After knee replacement surgery, patients undergo physical therapy to ensure restoration of the full range of motion (ROM) during the healing process. This process prevents excess scar tissue from forming. Previously, patients undergo post-operative recovery and physical therapy at the clinic and were billed in a pay-for-service model. However, new Bundled Payments for Care Improvement (BPCI) has changed Medicare funding so that patients are now charged a “lump sum” up-front for all costs. This model has resulted in a push to discharge patients quickly for recovery at home – and thus, there is great interest in monitoring systems that can track the patients’ knee ROM to ensure proper recovery.
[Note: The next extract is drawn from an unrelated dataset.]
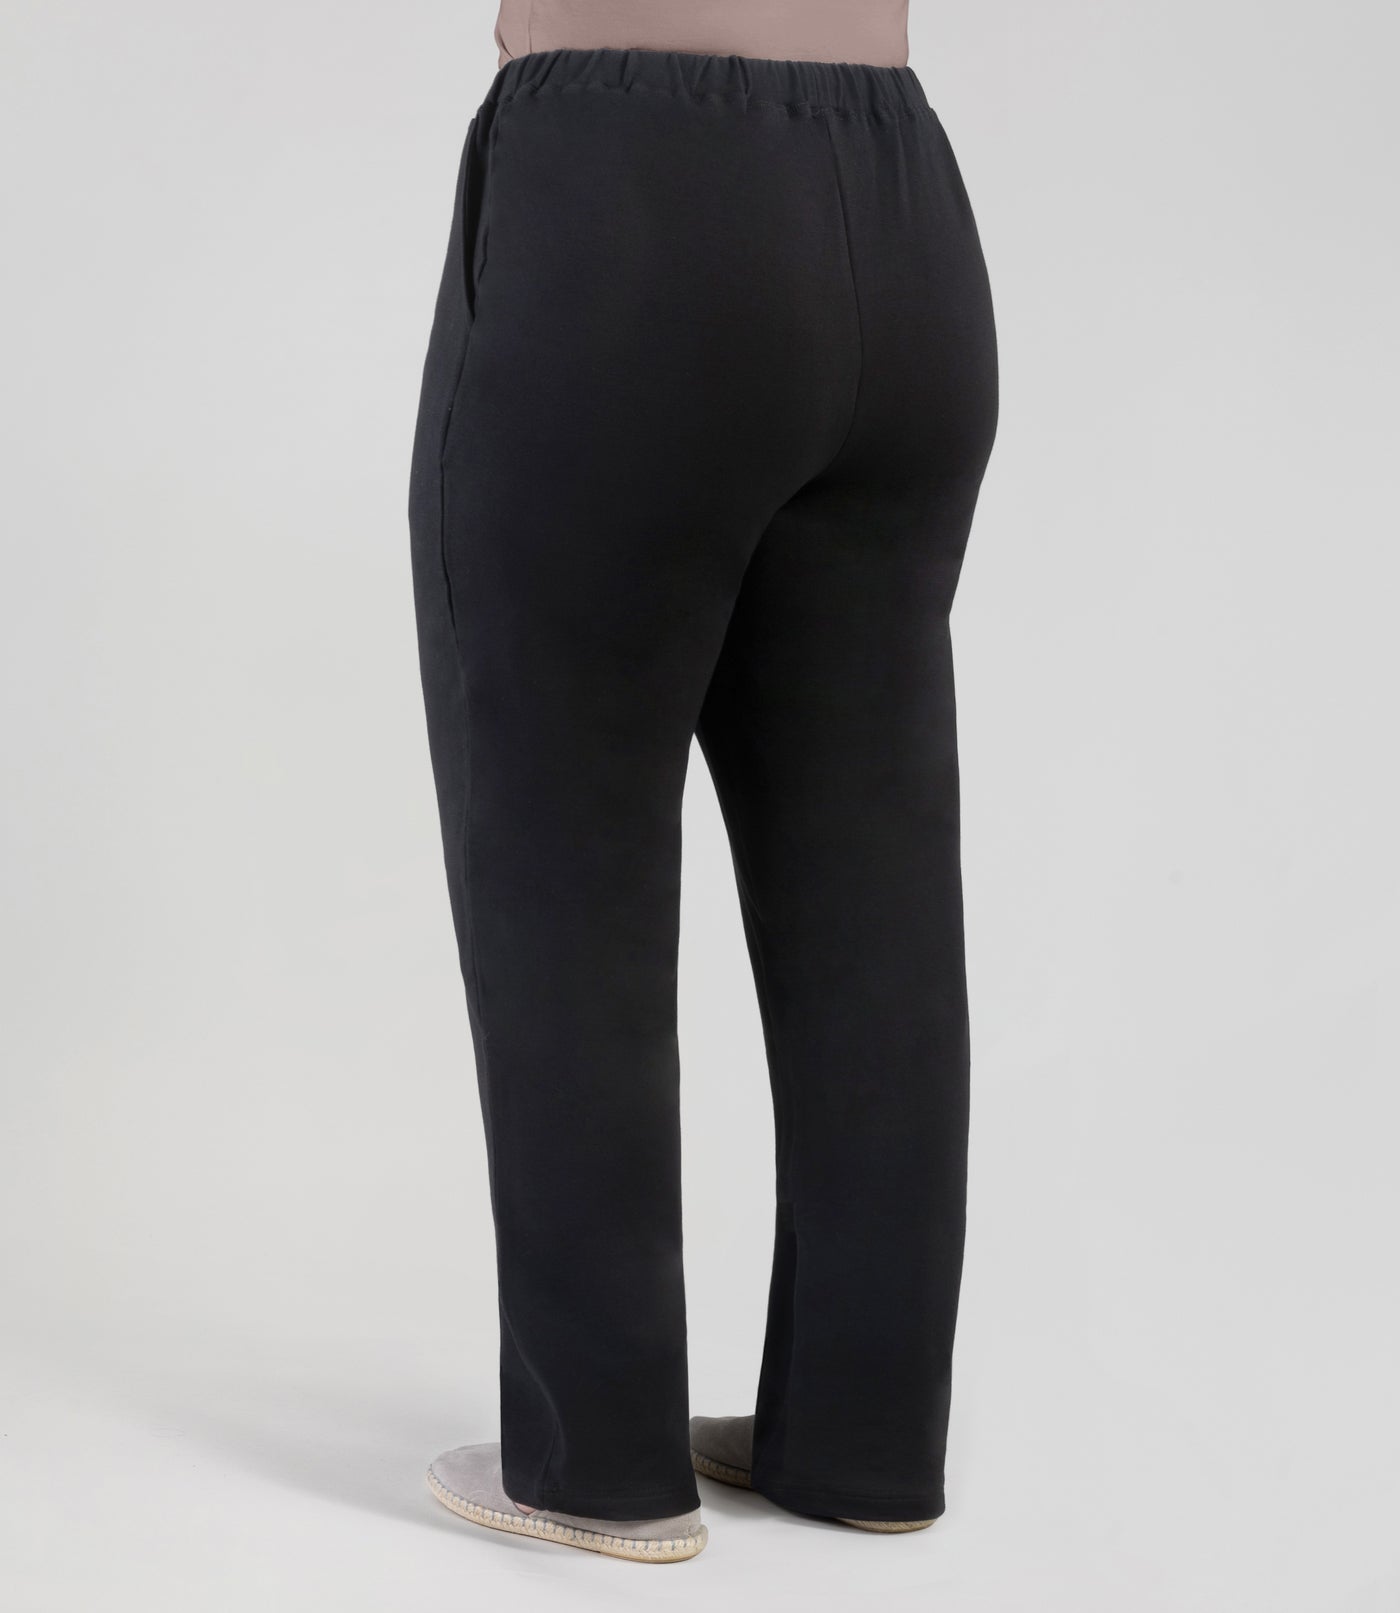 Plus size woman facing back, wearing JunoActive's MaVie Pocketed Pant in black. One hand is in pocket and other is by side.

The UCLA Center for SMART Health sponsored a BE student capstone to develop a light weight, easy-to-use, and cost-effective ROM sensor to collect relevant data to assess knee motion during recovery. A ROM sensor for the knee and integrated software platform tracked patient compliance to post-op physical therapy exercises, providing real-time feedback to patients and healthcare providers. The stored data of the patient’s movement can then be used to visualize progress and develop more tailored physical therapy routines.

VOICE-ASSISTED PROS

As efforts continue to better integrate patients and their perspectives into decision-making at all levels of the healthcare system, patient-centered outcomes research (PCOR) is an increasingly important field of investigation. One valuable tool for incorporating the patient’s perspective is the collection of patient-reported outcomes (PROs), which are provided directly by patients without interpretation by providers. The Patient-Reported Outcomes Measurement Information System (PROMIS) was developed with support from the National Institutes of Health to enhance PRO collection. PROMIS had three broad objectives: 1) creating a large group of item banks measuring PROs; 2) developing a computerized adaptive testing (CAT) system that allows for efficient, psychometrically robust assessment of PROs; and 3) producing a publicly available online data collection system that allows clinical researchers to access the item banks and CATs.
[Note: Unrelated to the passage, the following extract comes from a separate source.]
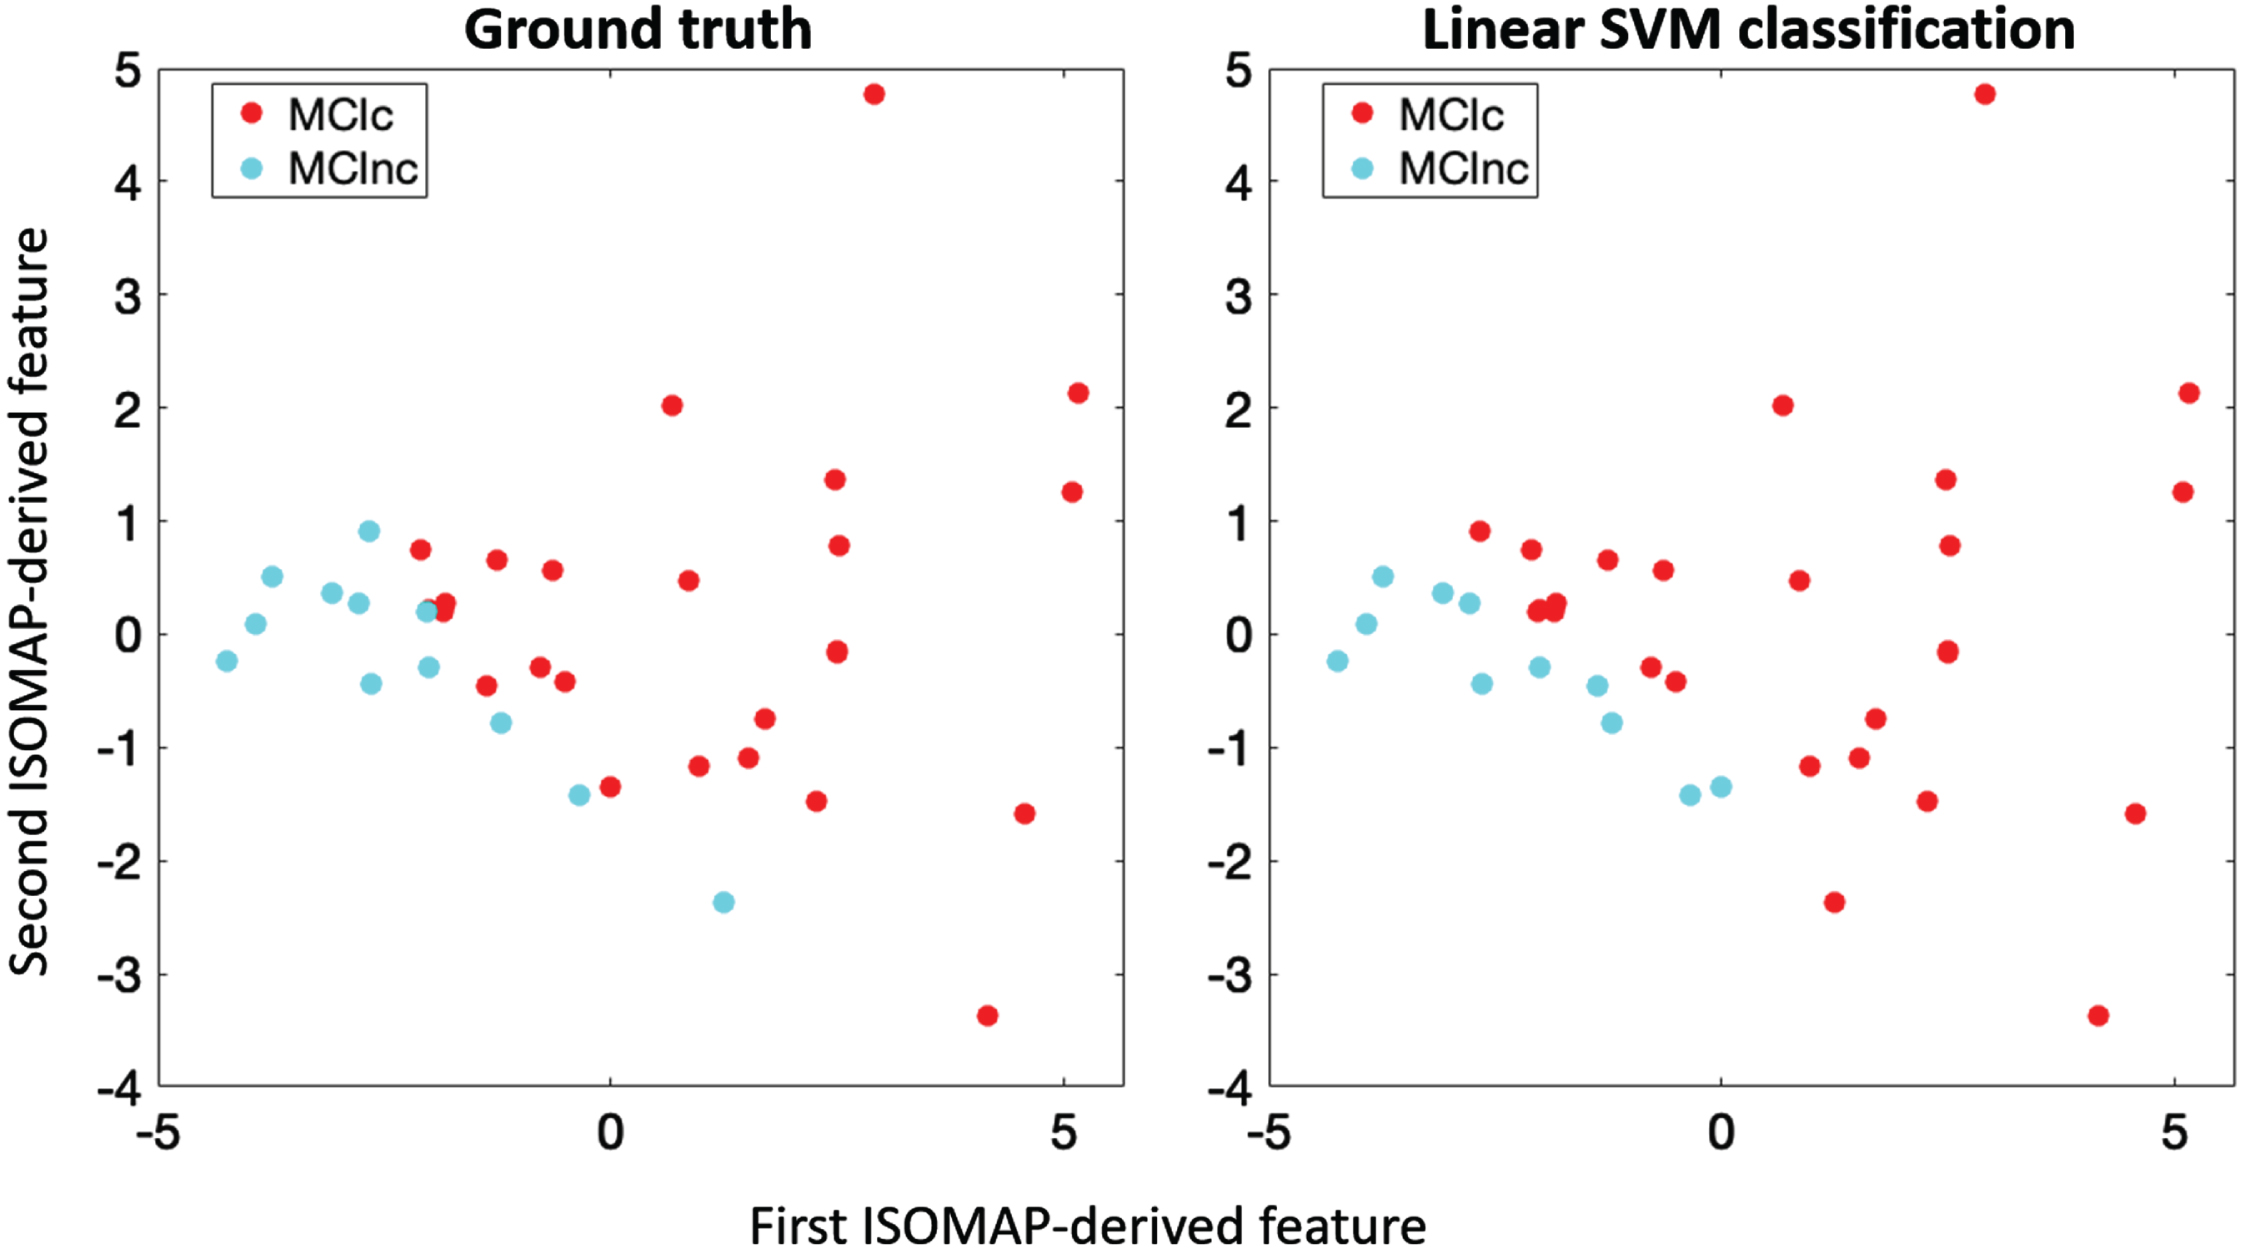 Scatterplot representation of converter (MCIc, red) and non-converter MCI patients (MCInc, light blue) in the 2-dimensional reduced space retrieved by applying ISOMAP on the sulcal features. Left: Ground truth labelling of MCI; right: Linear support vector machine classification labelling: 5 out of 37 MCI patients were misclassified.

With the advent of voice assistant technology, there is an opportunity to better integrate the collection of patient centered outcomes collection in more efficient and meaningful ways. The UCLA Center for SMART Health sponsored a BE capstone project focused on integrating PROMIS with voice assistant technology to assess: 1) usability and validity of voice assistant technology to collect structured data; 2) compare challenges and limitations of voice-assistant technology; 3) pilot test a model where patients prompt patient-centered outcomes data collection; and 4) use a context-based system fed by sensor information to prompt patient-centered outcomes data collection.

PREDICTING CANCER HISTORY

In this project, we sponsored a Bioengineering student capstone project that studied automated approaches to predicting if someone ever had cancer and examined the factors associated with such a prediction. This approach can be useful for determining a patient’s health history in situations where patients are reluctant to disclose such information. Data from the National Health and Nutrition Examination Survey (NHANES) collected between 1999-2016 were used. Features included a range of health-related and demographic variables, which were explored using heatmaps. To predict a person’s history of cancer, the students ran different supervised machine learning (ML) classification methods, and plotted calibration curves. Wilcoxon, Kruskal-Wallis, and chi-square tests were performed to find features that differed significantly between individuals with and without a history of cancer. ExtraTrees Classifier, AdaBoost Classifier, and Gradient Boosting Classifier performed the best at predicting history of cancer, with accuracy, precision, recall, and F1-scores of around 70%. Features which differed significantly between individuals with and without a history of cancer were age, systolic blood pressure, waist size, general self-reported health, household size, and pulse.